Previous studies have reported many nurses’ WFC, and it has been demonstrated that nurses with positions above mid-level need to have work or organizational roles in clinical settings, even if they have family-related roles20, 23). In this study, nurse administrators and managers of the participating institutions might have been interested in the professional environment because the participating nurses were from hospitals that participated in the healthy work environment study. Therefore, by assigning roles to nurses, nurse managers assign appropriate work roles and support, thus, preventing psychological stress. To illustrate, supervisors’ support and leadership attributes decrease psychological stress and burnout33, 34). Additionally, support for female employees with family-related roles is maintained by policies that focus on WLB in Japan. Therefore, in participating hospitals, organizational support for nurses with such roles may have decreased their psychological stress.
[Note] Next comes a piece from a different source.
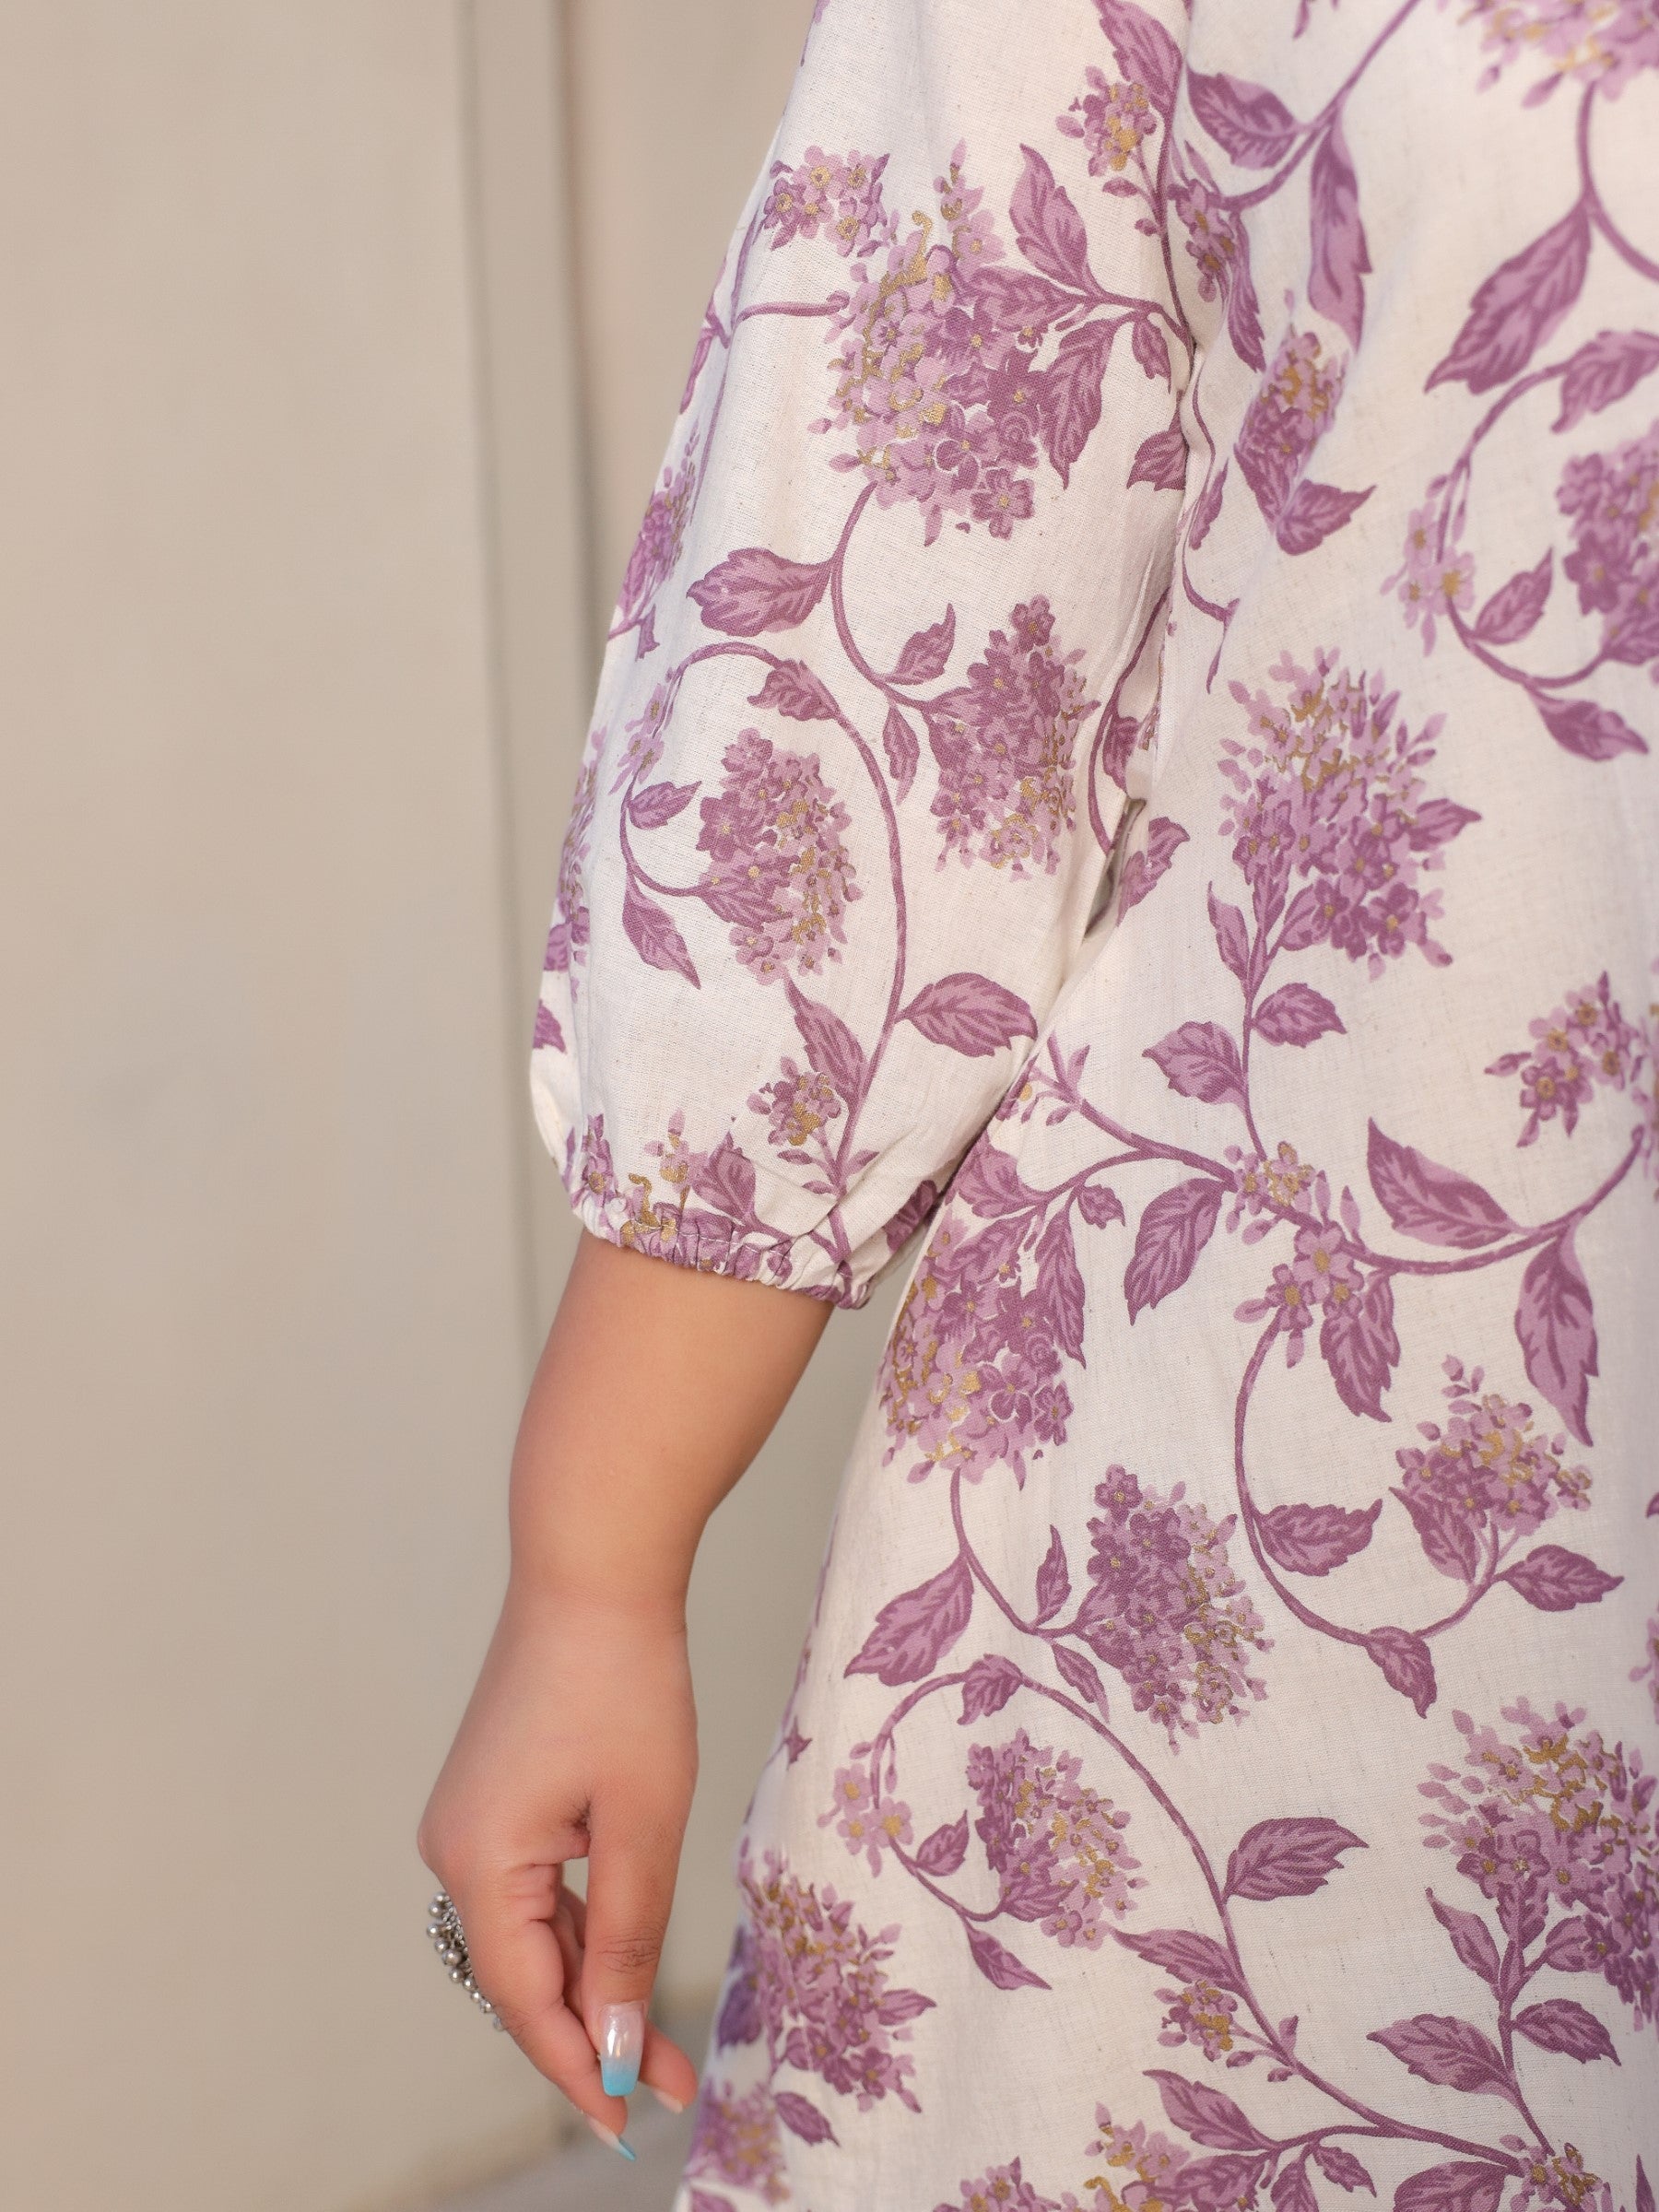 Lavender Floral Printed & Asymmetric Cotton Flex Plus Size Kurta With Beads & Sequins

In contrast, nurses who experience life events (such as pregnancy and child-rearing) are relatively younger with fewer years of experience, are unmarried and tended to experience burnout, as in previous studies4, 11, 12). When younger nurses facing psychological stress experience major life events, such as pregnancy and child-rearing, they are reluctant to perform additional work and may quit their jobs to focus on those events. Hence, it is important not only to consider organizational support and the work environment for nurses with family-related roles but also to consider those who will have multiple roles in the future to ensure that turnover is reduced.
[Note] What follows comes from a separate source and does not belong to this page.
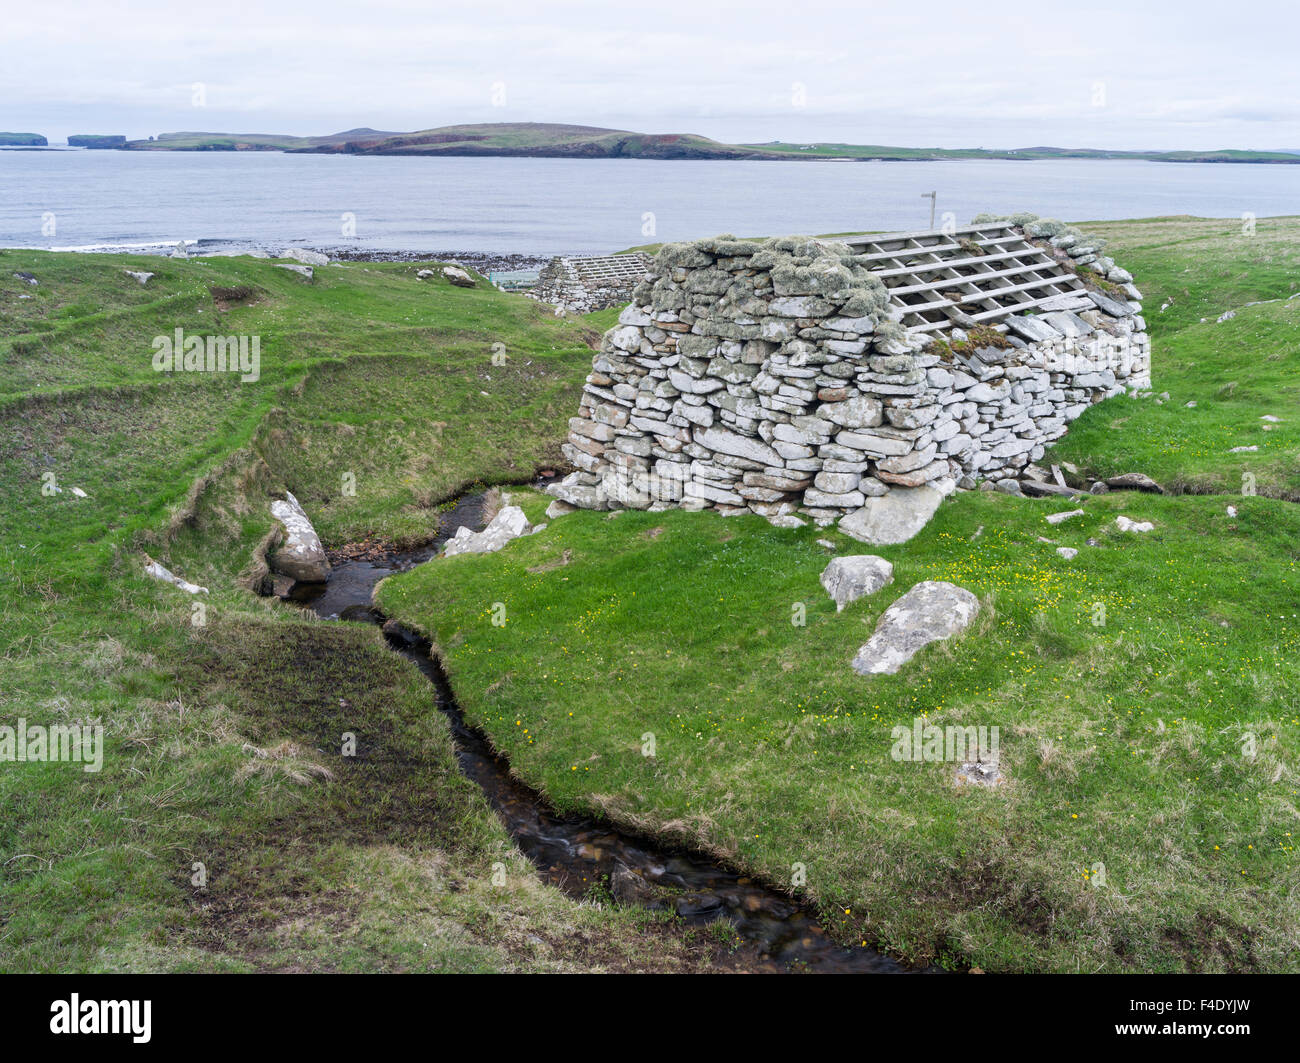 Les moulins à eau près de Huxter. Shetland, Ecosse, îles du Nord. Tailles disponibles (grand format) Banque D'Images

Limitations and future directions

Although this study yielded important findings, it also had several limitations that should be considered when interpreting these findings. First, due to the sample being younger than in the national data, selection bias may have occurred, thus limiting generalizability to organizations that are interested in the work environment in urban settings. Second, this was a cross-sectional study of working nurses and did not include nurses who quit their jobs. Previous literature defined nurses’ characteristics according to those who continue to work alongside child-rearing and recognized child-rearing as “I divide work and child-rearing” and “child-rearing needs support from someone”35). Furthermore, we did not identify whether the sample nurses received support from their workplace or in their private lives. Their low burnout despite family-related roles and their ability to keep working without experiencing an unmanageable amount of psychological stress may have been due to this support. In terms of individual abilities, nurses who can cope with conflicts arising from performing multiple roles at work and from family stressors (e.g., sense of coherence) show higher psychological resilience and continue working despite many duties. It is thus important to identify the influence of personal and professional resources on a healthy work environment for nurses in future studies to extend the present study’s findings.

Conclusion

This study verified the association between work- and family-related roles and burnout syndrome. Multiple roles were not significantly associated with burnout. However, this study suggested that nurses who experience burnout while carrying out multiple roles may have already quit their jobs. Alternatively, they may have continued to work because of positive spillover and social support. Thus, it was demonstrated that, depending on the work environment, it is possible for nurses to keep working without psychological stress and to hone their individual abilities. This emphasizes that maintaining a balance between work and family is vital and should be a focus in organizations to reduce turnover and ensure a healthier workforce overall.

Financial Support

No specific funds were received for this study.

Conflicts of Interest

The authors declare that no conflicts of interest exist.